[[ Data provided open ]]

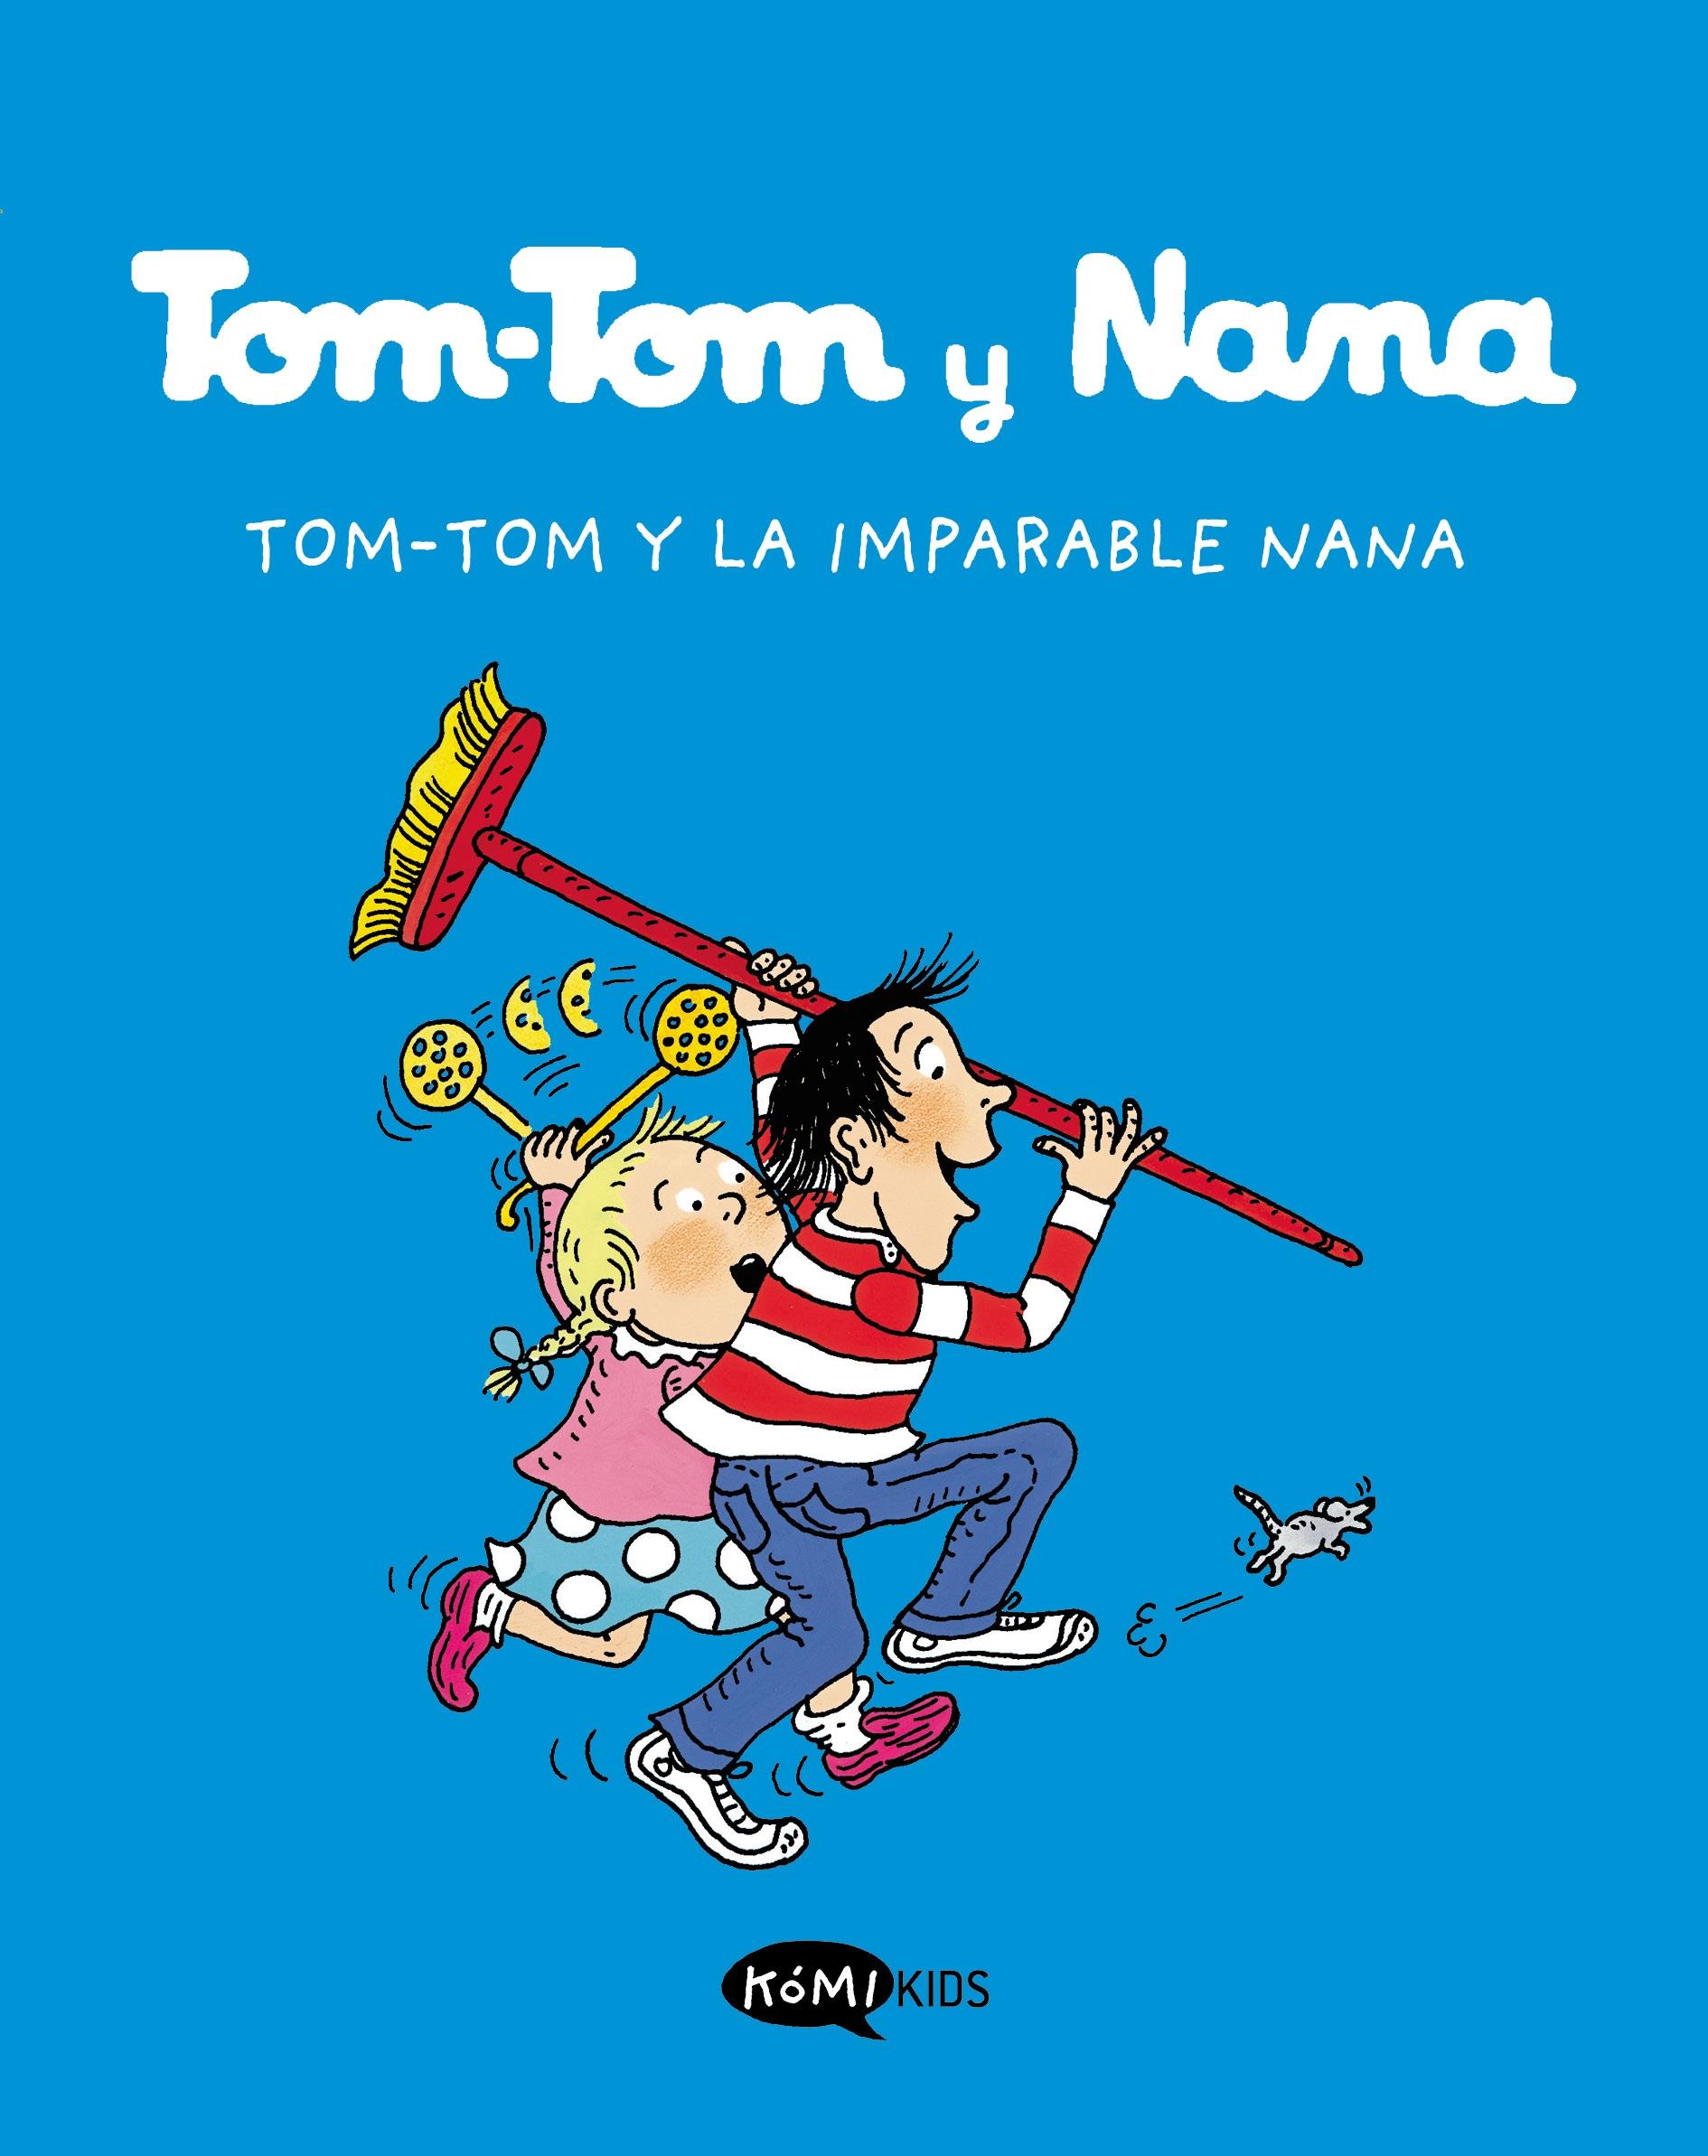 Tom-Tom y Nana 1 "Tom-Tom y la Imparable Nana". 
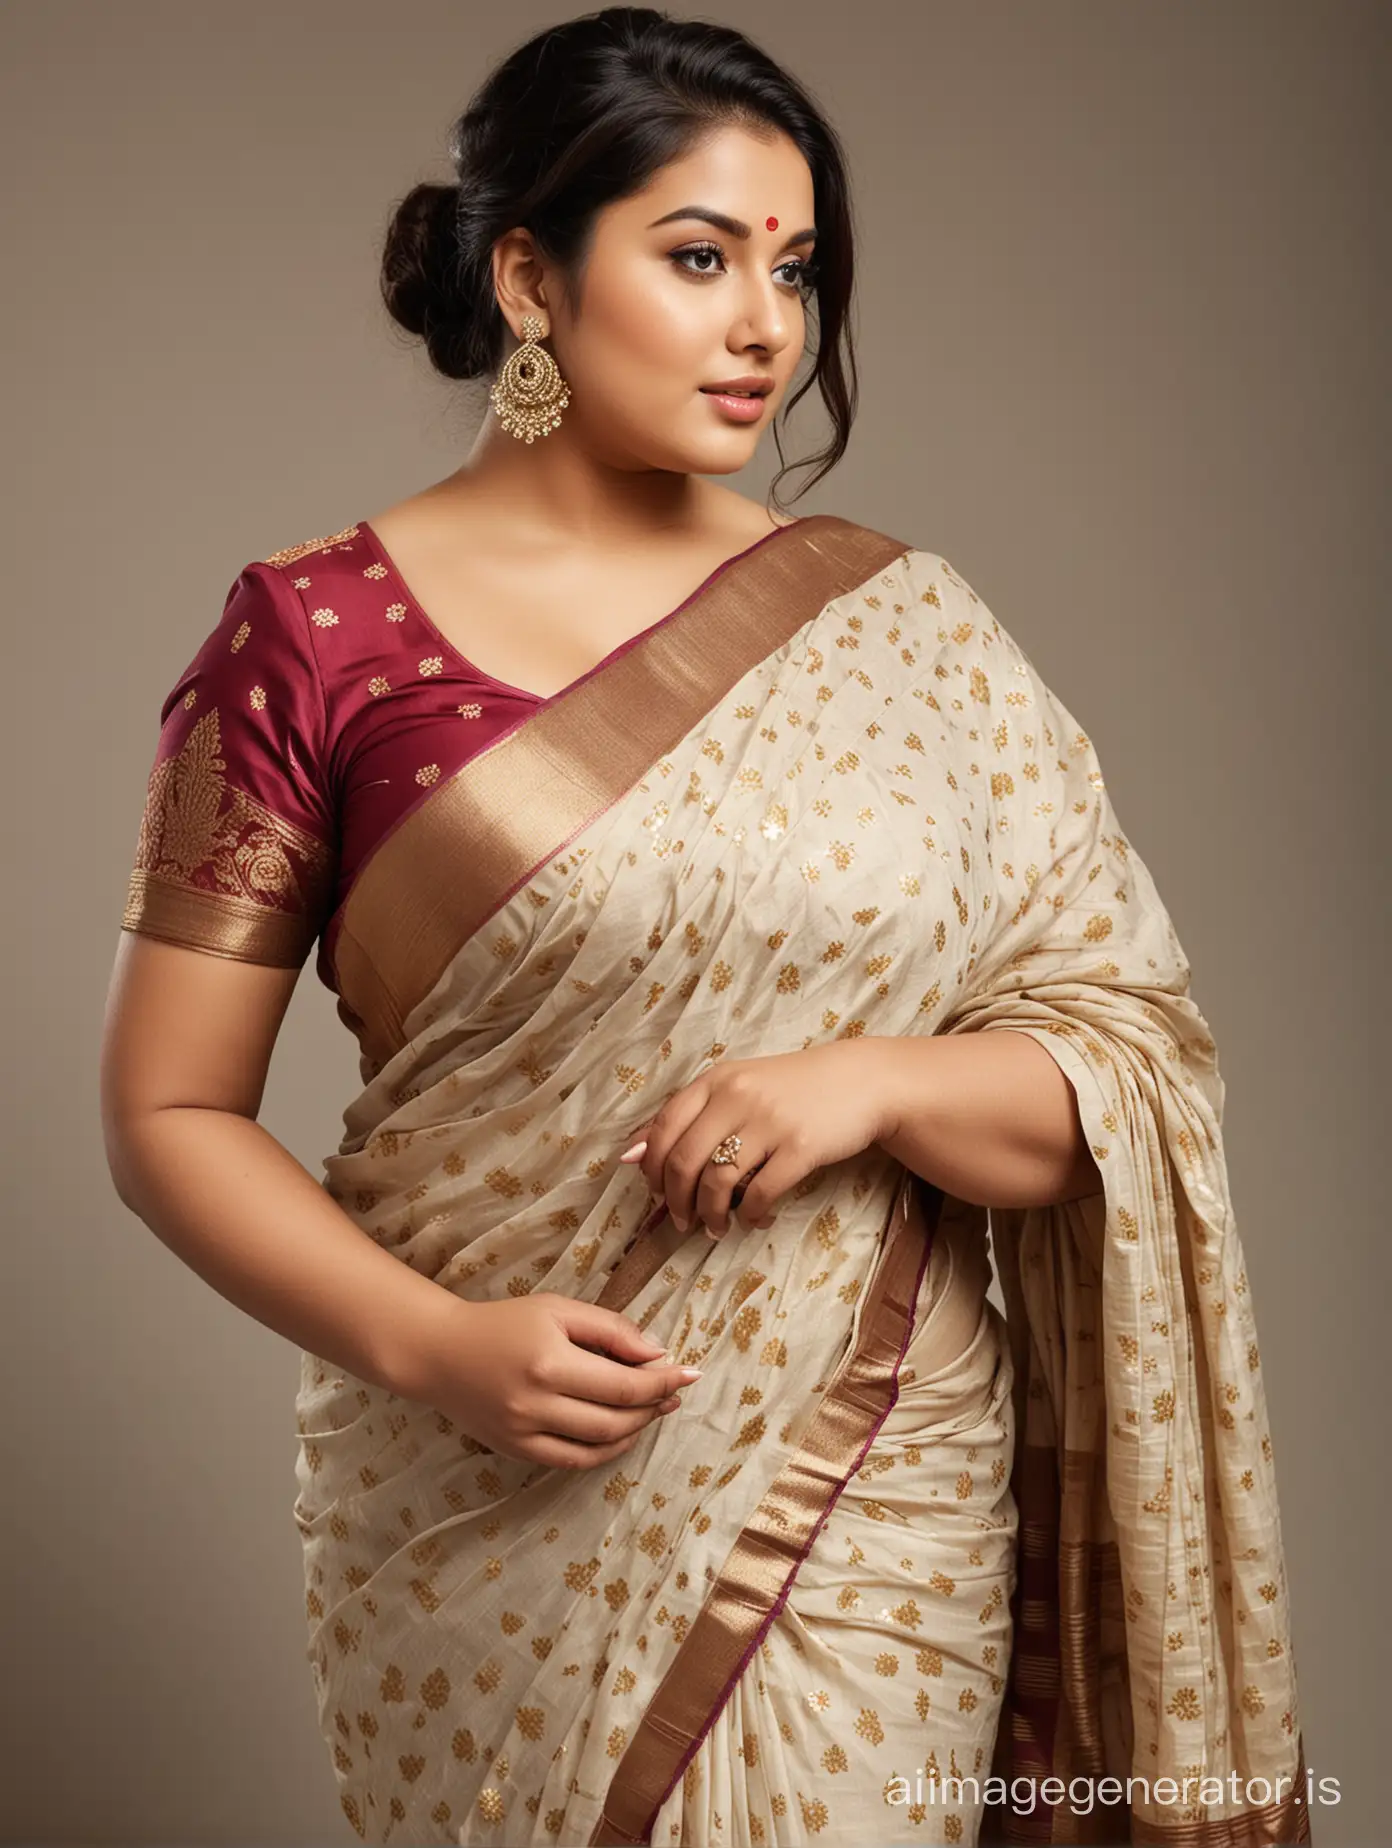 Beautiful plus size model in saree
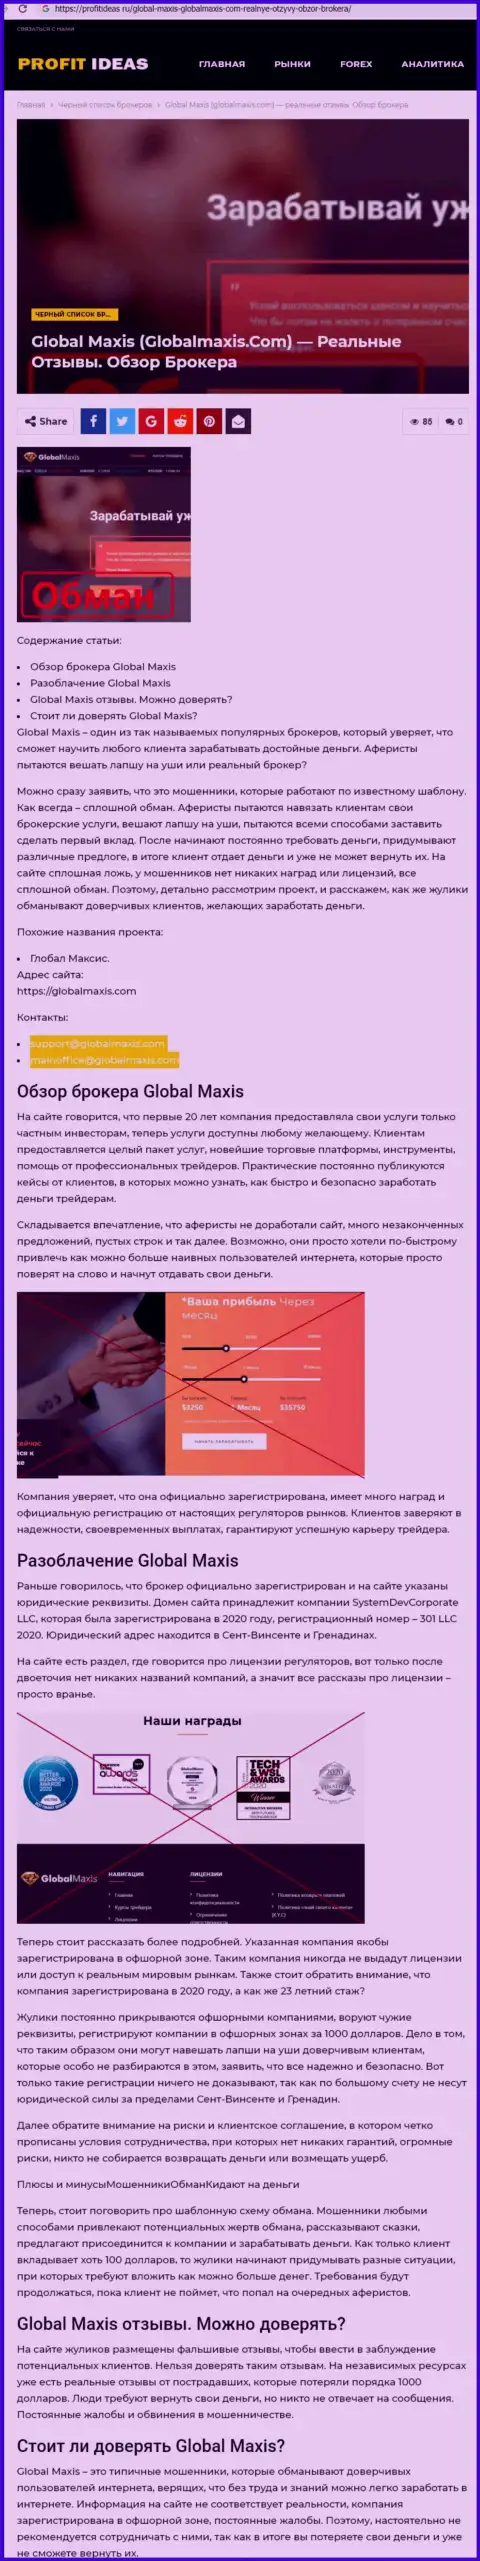 Global Maxis - это мошенники, которых надо обходить стороной (обзор противозаконных действий)

[[ Data provided closed ]]

▶ What you have to do
Copy each line above exactly, with no images.

▶ Response
 Tom-Tom y Nana 1 "Tom-Tom y la Imparable Nana". 
 Beautiful plus size model in saree
 Global Maxis - это мошенники, которых надо обходить стороной (обзор противозаконных действий)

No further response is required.